4. Configure Jenkins: SSH credentials

• On the CloudLab head node, run ssh-keygen (do not enter any password when asked).
• Run cat .ssh/id_rsa.pub >> .ssh/authorized_keys
• Run cat ~/.ssh/id_rsa and copy the displayed text, including the starting and ending dashes without any extra spaces.
• On Jenkins Dashboard, go to Manage Jenkins/Manage Credentials.
  • Click on Jenkins under Stores scoped to Jenkins, then Global credentials (unrestricted).
  • Click on Add Credentials.
• Fill in the boxes as follows:
  • Kind: SSH Username with private name
  • Scope: Global (Jenkins, nodes, items, all child items, etc)
  • ID: cloudlab
  • Username: Enter your CloudLab login username here.
  • Private Key: Check Enter directly, click Add, then paster the previously copied private key to this box.
  • Click OK.

5. Configure Jenkins: Single executor

• On Jenkins Dashboard, go to Manage Jenkins/Manage Nodes and Clouds.
  • Click on the gear icon for Built-In Node
• Fill in the boxes as follows:
  • Number of executors: 1
  • Labels: deploy
  • Usage: Only build jobs with label expressions matching this node

6. Configure Jenkins: Kubernetes

• On Jenkins Dashboard, go to Manage Jenkins/Manage Nodes and Clouds/Configure Clouds.
• Select Kubernetes from Add a new cloud dropbox.
• Click on Kubernetes Cloud Details.
• Fill in the boxes as follows:
  • Kubernetes Name: kubernetes
  • Kubernetes URL: Information of the Kubernetes control plane gotten from running kubectl cluster-info on the CloudLab head node.
  • Check Direction Connection box.
  • Click Test Connection to confirm connection.

7. Configure Jenkins: Pod Templates

• Continue on the Configure Clouds from the previous slide.
• Click Add Pod Template then Pod Template details
• Fill in the boxes as follows:
  • Name: agent-template
  • Namespace: jenkins
  • Usage: Only build jobs with label expressions matching this node
  • Do not add container yet
  • Click on Add Volume:
    • Select Host Path Volume
    • Enter /var/run/docker.sock for both Host path and Mount path.
    • This is to enable the building and pushing of Docker images.

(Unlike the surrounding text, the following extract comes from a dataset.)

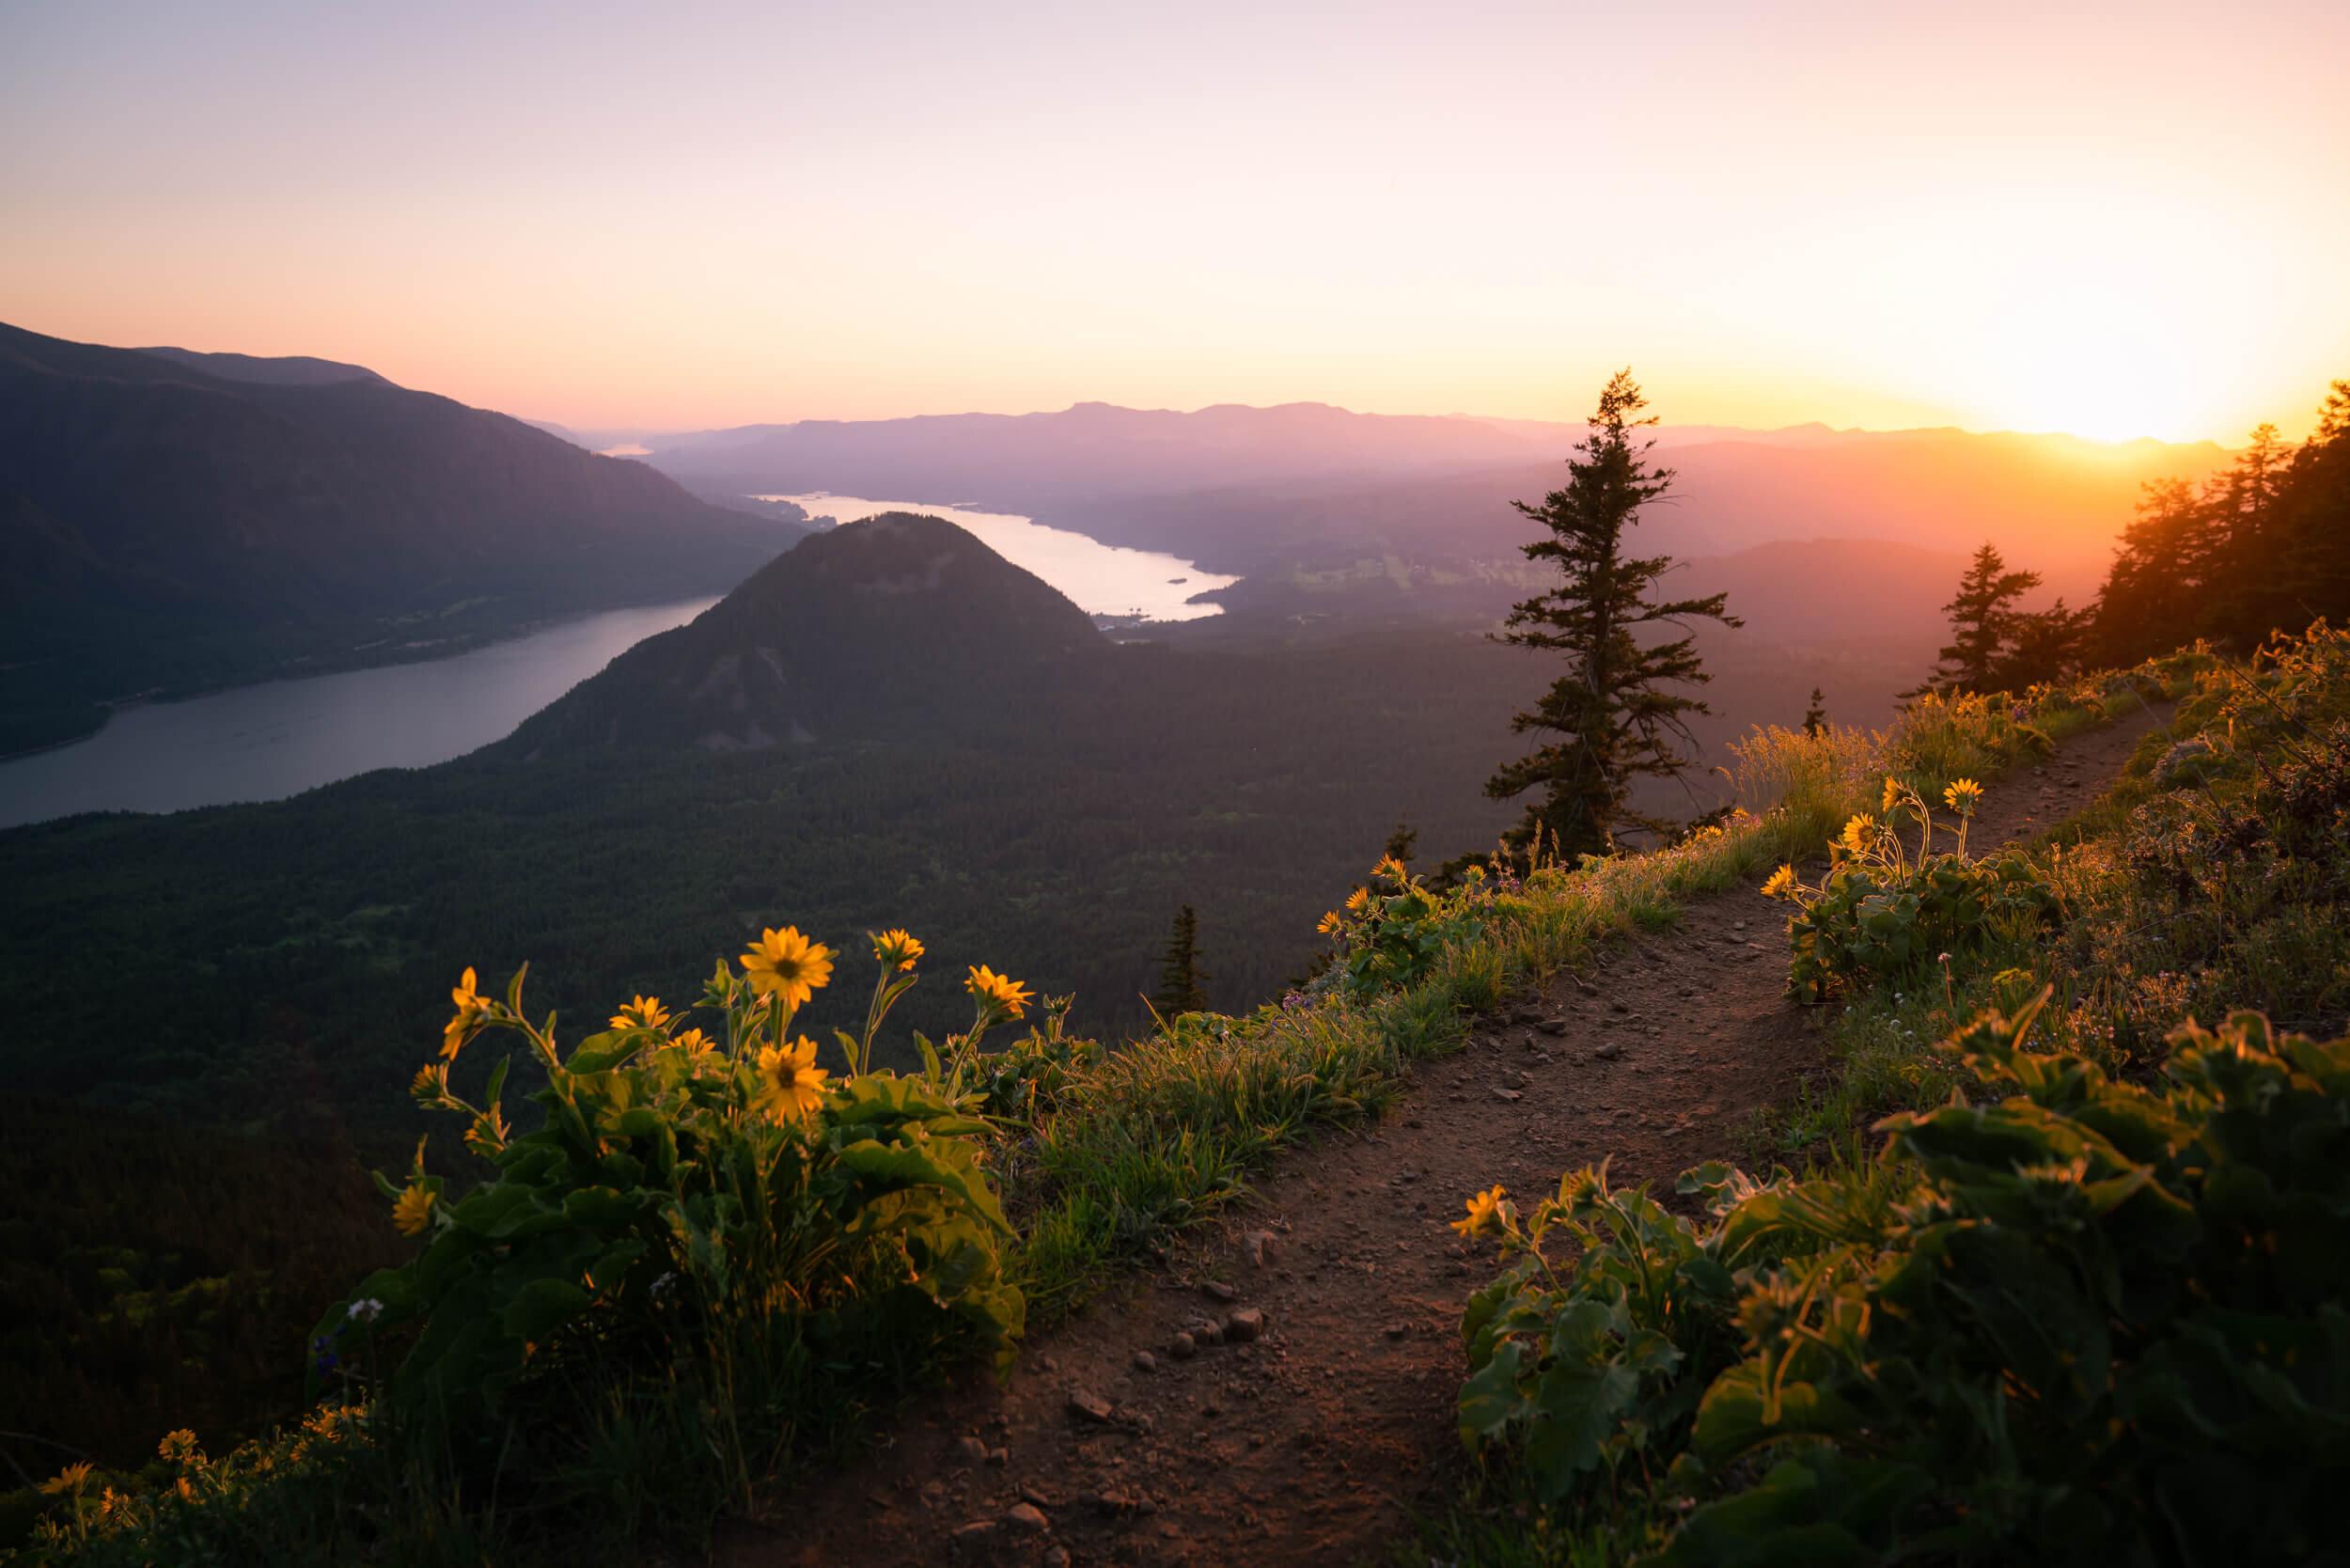 Sunset up at Dog Mountain.

8. Configure Jenkins: Container Templates

In the scope of Pod Template

• Click Add Container
• Fill in the boxes as follows:
  • Container Template Name: golang
  • Docker image: golang
• Click Add Container
  • Container Template Name: docker
  • Docker image: docker
• Click Add Environment Variable for the docker container template
  • Prior to this, go to hub.docker.com and login to your Docker Hub account.
    • Go to Account Settings
    • Go to Security.
    • Click on New Access Token.
    • Enter a short description for this token, allow Access permission to be Read, Write, Delete, and then click Generate.
    • Store this key some where safe.
  • First environment variable:
    • Key: DOCKER_TOKEN
    • Value: the access token copied from before.
  • Second environment variable:
    • Key: DOCKER_REGISTRY
    • Value: YOUR_DOCKERHUB_USERNAME/go_server
  • Third environment variable:
    • Key: DOCKER_USER
    • Value: YOUR_DOCKERHUB_USERNAME
• Click Apply and then Save.

9. Setup the app

• Create a branch called go_app on your hello repository (from the hands-on in the Jenkins’ eposide).
• The go_app branch should have the same contents as https://github.com/CSC468-WCU/hello/tree/go_app
• Setup the webhook for the go_app to point to the Jenkins server in the previous slide.
• The composition of the files in this branch is:
  • main.go: The Go file that serves as the web server (the application to be deployed).
  • main_test.go: The Go file that serves as the test file (part of the CD process).
  • Jenkinsfile: Setup the pipeline for Jenkins to build, test, and push and deploy (if test is passed) the Go app.
    • Edit the registry (line 4) to change to YOUR_DOCKERHUB_USERNAME/go_server.
    • Edit the registry (line 5) to change to YOUR_DOCKERHUB_USERNAME.
    • Edit the registry (line 73, 74, 75):
      • Change my username lngo to your CloudLab username.
      • Be careful of capitalization in your CloudLab username. It has to match exactly.
      • Change the IP address to the correct IP address of your head node.
  • Dockerfile: The Docker image that will package the web server.
  • deployment.yml and service.yml: K8 configuration files.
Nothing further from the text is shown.